Drinking Into the Night

We’re starting to drink and we will not cease our drinking. We’re starting – just starting – and this time it will never end.

We’ll drink. We’ll drink hard. We’ll drink into the night. And beyond the night! We’ll drink our way through the night, and through the morning. And maybe afternoon, as well.

 

We’ll drink until the end – we’ll push on until the end of the night. And beyond! And beyond it!

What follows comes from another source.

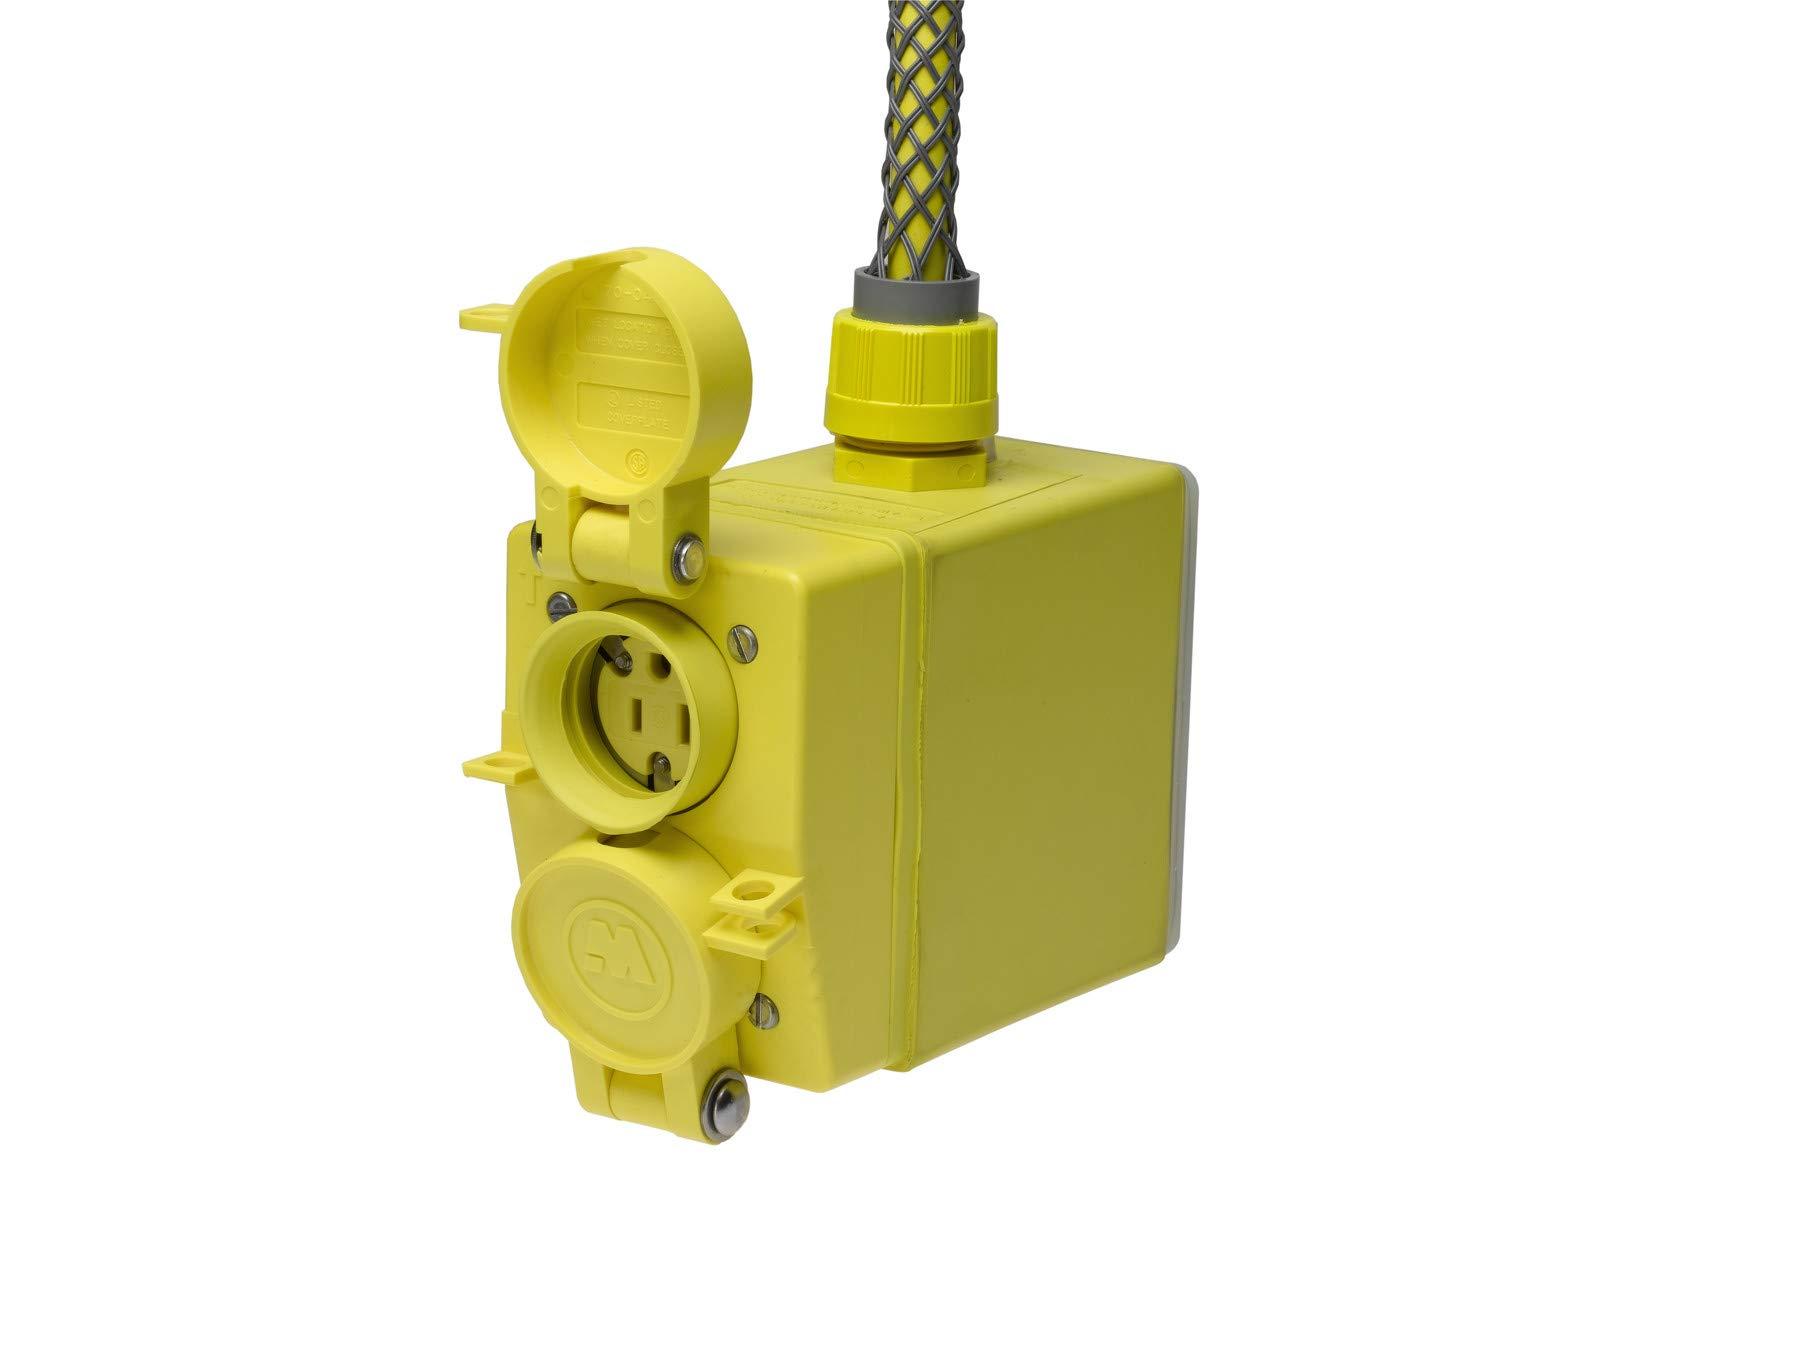 25ft Cord Length Woodhead 3332RA123 Super-Safeway Angled Outlet Box 12//3 SOOW Cord Type NEMA 5-20 Configuration Flip Lid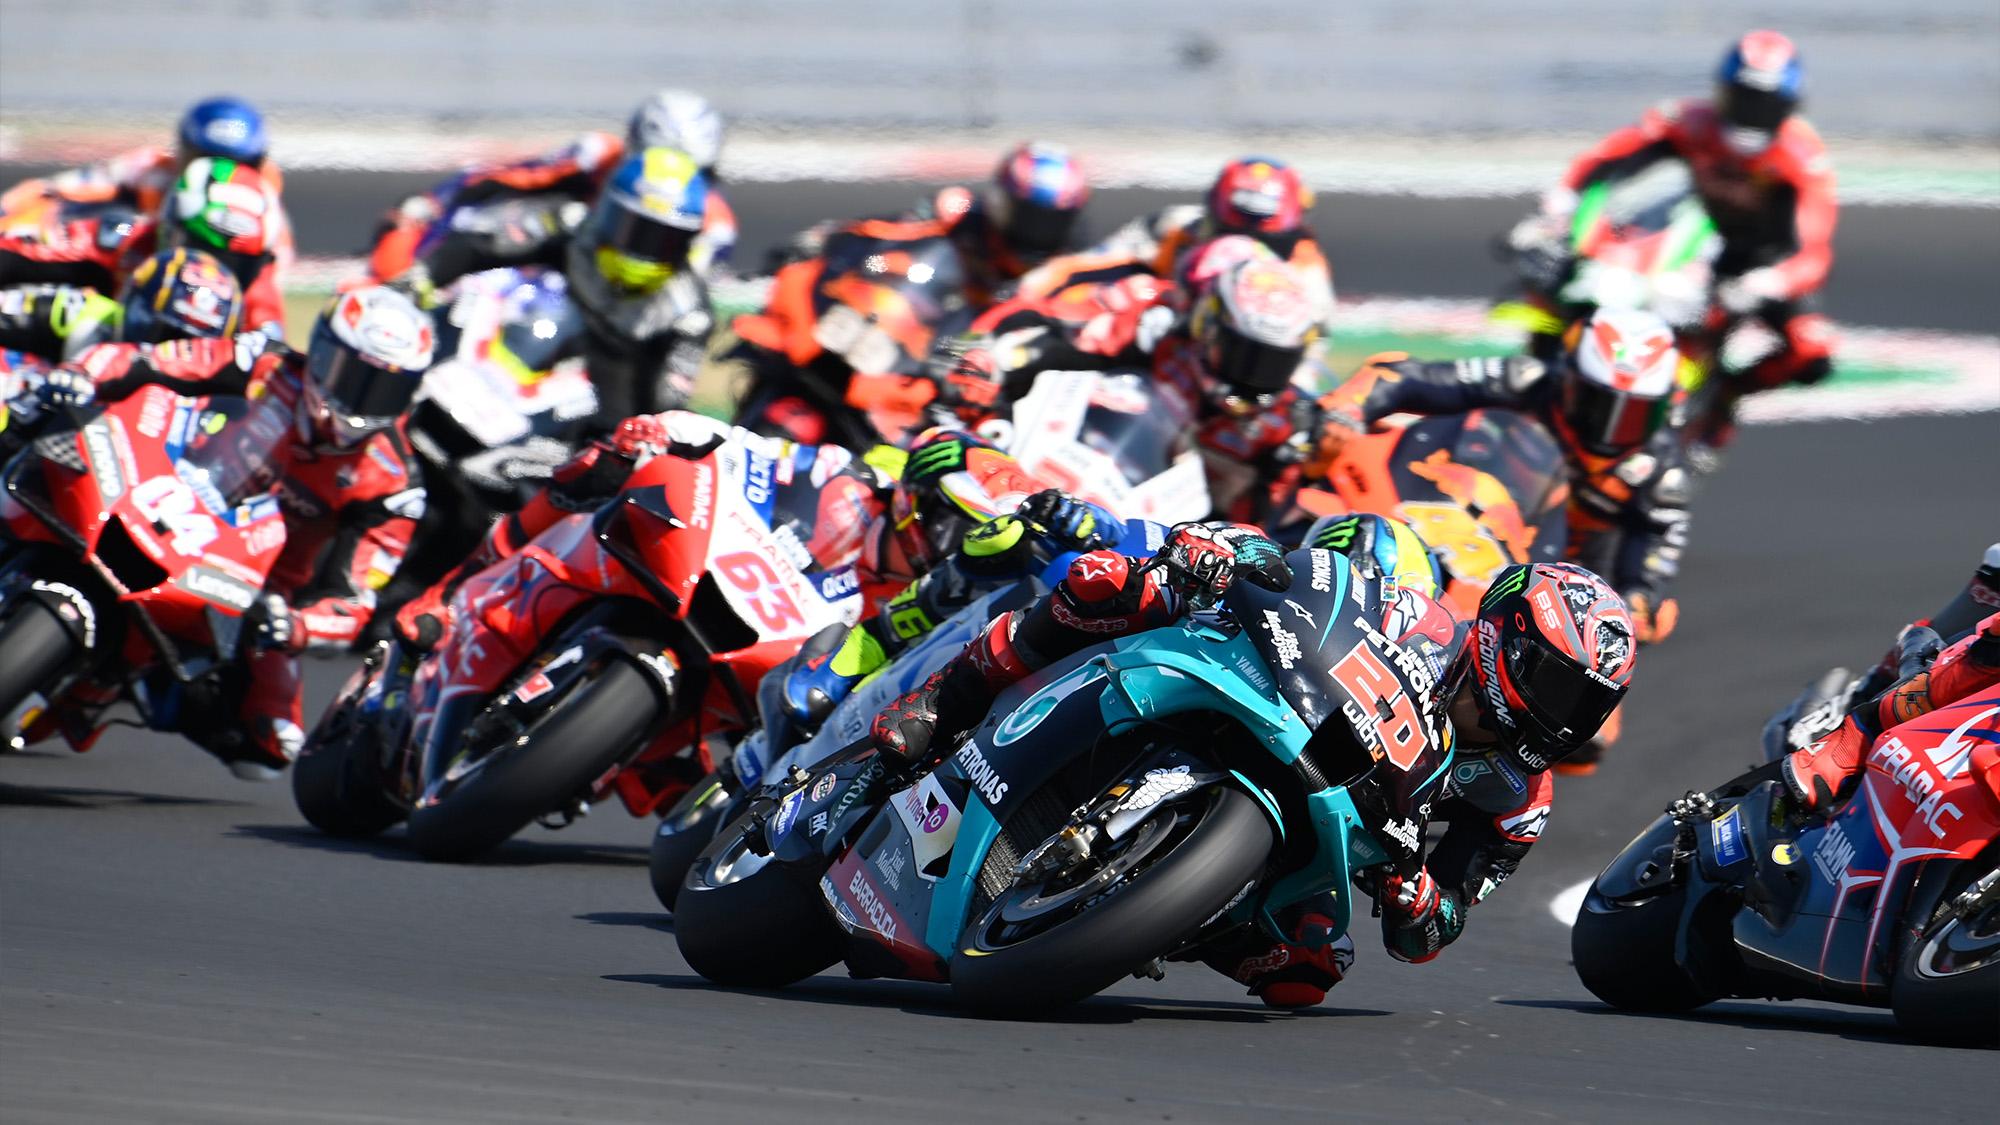 Fabio Quartararo fighting during the 2020 MotoGP San Marino Grand Prix at Misano

We’ll break through the night. We’ll shatter the night. We’ll tear the sky wide. We’ll rip open the sky.

Because this night is not enough for us. The sky is not enough. It’s sealed against us, and we’ll don’t want it to be sealed. It’s closed against us, and we don’t want it closed. We’ll slice it open. We’ll spill its guts. The guts of the sky! The innards of the sky!  

 

In a sense, we haven’t begun to drink. We haven’t found our way to the Great Drinking. We haven’t found our way to the plateau, not yet. We haven’t ascended in our drinking, climbed upwards. We haven’t risen in our drinking. The stars don’t flash above us, not yet. The sky doesn’t wheel around us.

 

The eternal night – that’s where we drink. The night that never ends. The night, where the sun never rises. Where eternal night simply journeys into itself. Presses into itself. Seems to collapse, into itself.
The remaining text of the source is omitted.